Merging Prediction Modeling with Optimization to Improve Appointment Outcomes

When patients fail to show up for their scheduled medical appointments, not only are they potentially hurting themselves, they are negatively impacting the health care system. For individuals, skipping appointments can lead to worsening medical conditions, an increased risk of death, and more frequent hospitalizations and emergency room visits. For the health care system, cancellations and no-shows can result in increasing costs, capacity issues, rescheduling costs, decreases in revenue from empty time slots, and patient and staff dissatisfaction. 

So what can be done to make sure patients show up? And which patients should be contacted? That’s the problem Margrét Bjarnadóttir, assistant professor of management science and statistics, addressed in her research, “Optimal Intervention Programs in Health Care Systems.” Bjarnadóttir’s work weighs the costs and benefits of different options for reducing patient no-shows in the context of prediction models. 

Bjarnadóttir says there has been a lot of work in the last decade to create models for predicting health care incidents, such as readmission of hospital patients or survival probabilities of cancer patients. “But prediction models don’t answer a very critical question: Now what?,” she says. “It’s fine to build a prediction model, but you need to do something with the prediction model outcomes.” 

In health care, deciding what to do has always been about weighing the costs and benefits of different options. But traditionally, those options have been in the context of entire populations, says Bjarnadóttir. Her research considers the individual characteristics of people through prediction models based on patient characteristics to improve operational decisions. 

“We took the prediction models and put them to work,” she said. “One extreme is to do nothing and just deal with the no-shows and cancellation costs. The other extreme is to apply the intervention or prevention to the entire population. But then you’re incurring costs from contacting people who don’t really need reminders or assistance. The right balance is probably somewhere in the middle. The question is how do we find the sweet spot? How do we find the correct cohort of patients to maximize the overall benefit of the system.  That’s what we did.” 
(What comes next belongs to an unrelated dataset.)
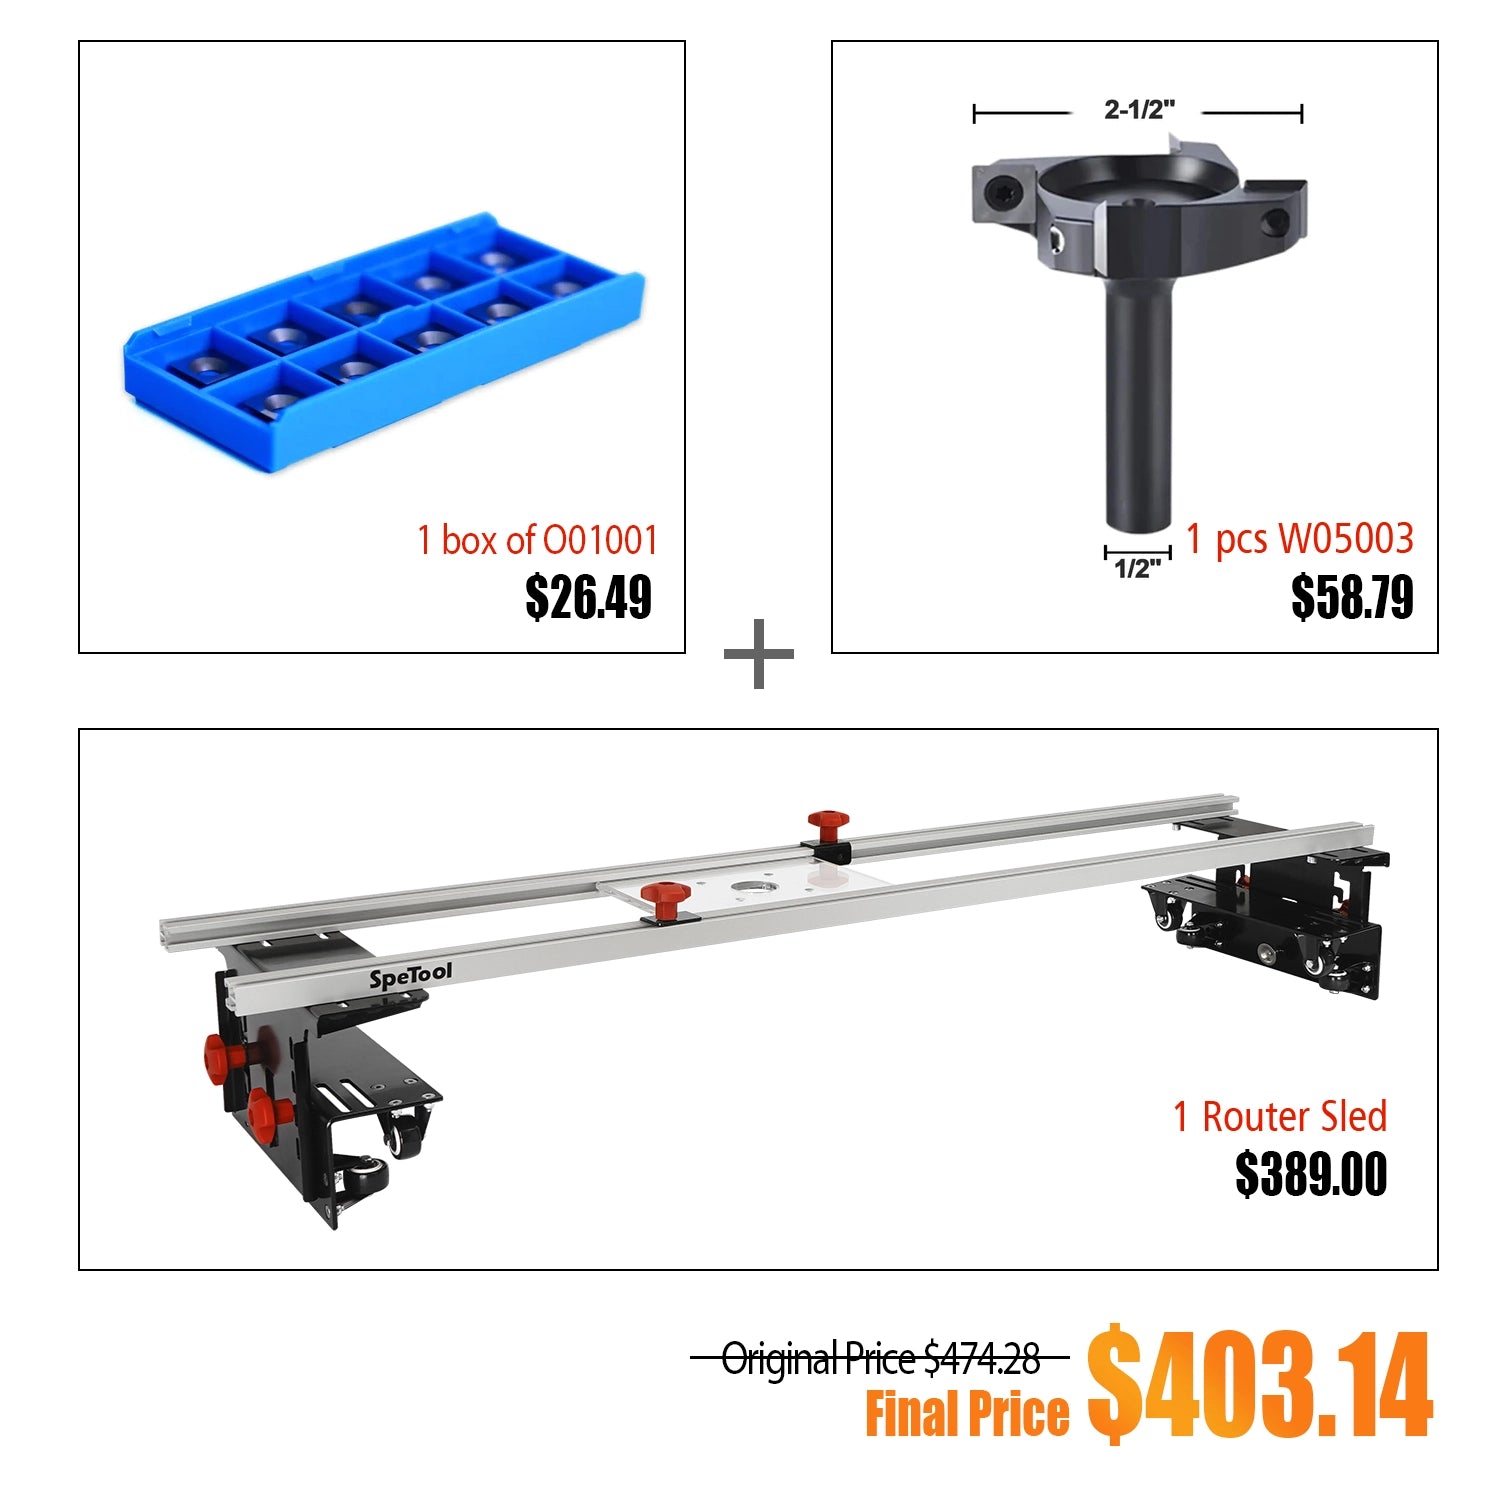 !!!【Pre-ordering】Bundle buying Save Up To $74 | SpeTool Cratos S01001 Machinist-Grade Router Sled & Spoilboard Surfacing Bits & Carbide Insert Kits - 0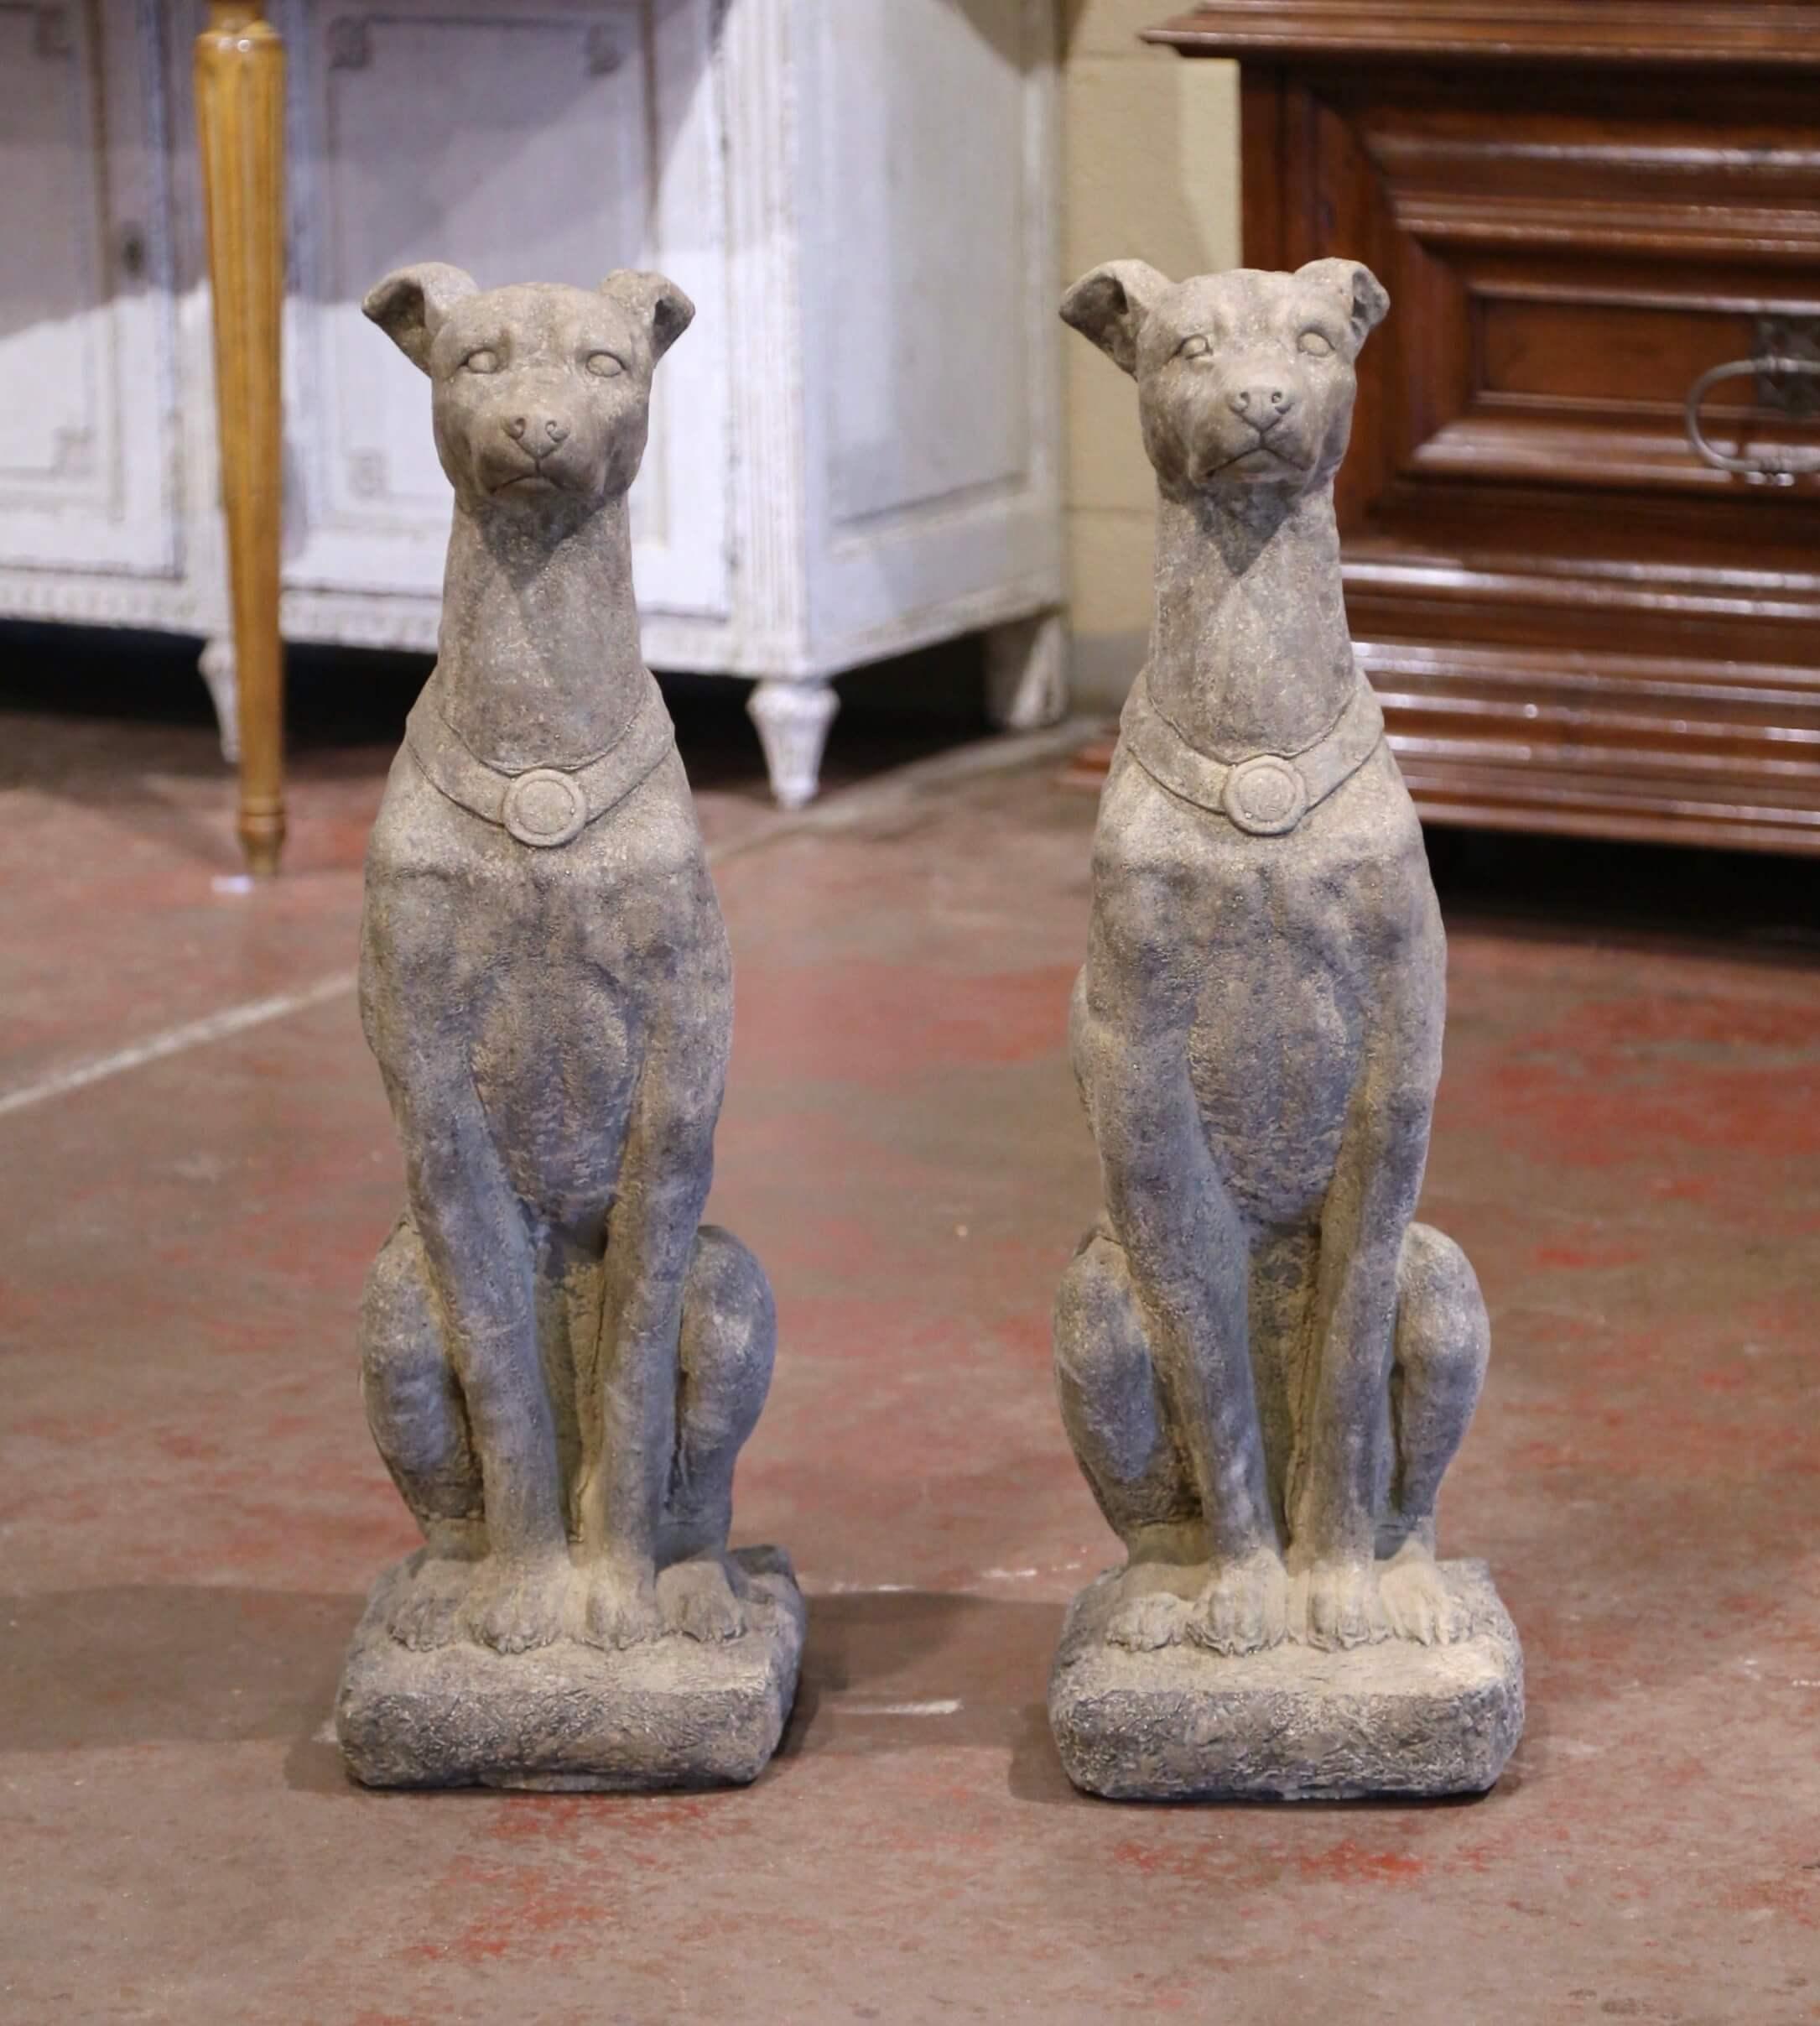 Carved of stone circa 1970, the tall vintage greyhounds are set on a flat carved, rectangular base; seated on their back legs, both dogs have a proud expression further embellished with a collar around their neck. The garden sculpted canines have a

Bjarnadóttir took the case study of appointment adherence using data from a cancer clinic. Bjarnadóttir and her co-researchers used 104 variables to build their models for predicting which patients would cancel or not show up for appointments, covering such things as types of treatment, severity of disease, and the day and time of the visit. The researchers looked at two intervention options: Having a skilled nurse call people to remind them of their appointments, and using an automated text reminder system.

“You don’t just have to choose one,” she said. “If you have a portfolio of options, you should have the option to mix your interventions, in our case call some patients while texting others, choosing an appropriate option for each segment of the population.” 

The researchers found the optimal strategy was to use a mix of telephone reminders for 56.6 percent of the population and text messages for 34.1 percent. Surprisingly, the researchers found that remainder of the people needed no intervention at all and would show up with a very high probability. 

 “That is something we are looking into in more detail – figuring out who those people are by analyzing their characteristics,” Bjarnadóttir said. “That’s something the industry can really learn from.” 

Bjarnadóttir said this research could be applied to numerous other health care scenarios  to determine the most effective interventions for the right patients at the right times for a more efficient health care system. She said this research stream could also be extended to fields beyond health care, such as marketing – “anywhere where your action has complicated cost structures associated with it.” 

Bjarnadóttir’s research has been invited for a revision for publication in the Journal of Manufacturing and Service Operations. It received a second place award for best paper from the POMS College of Healthcare Operations Management.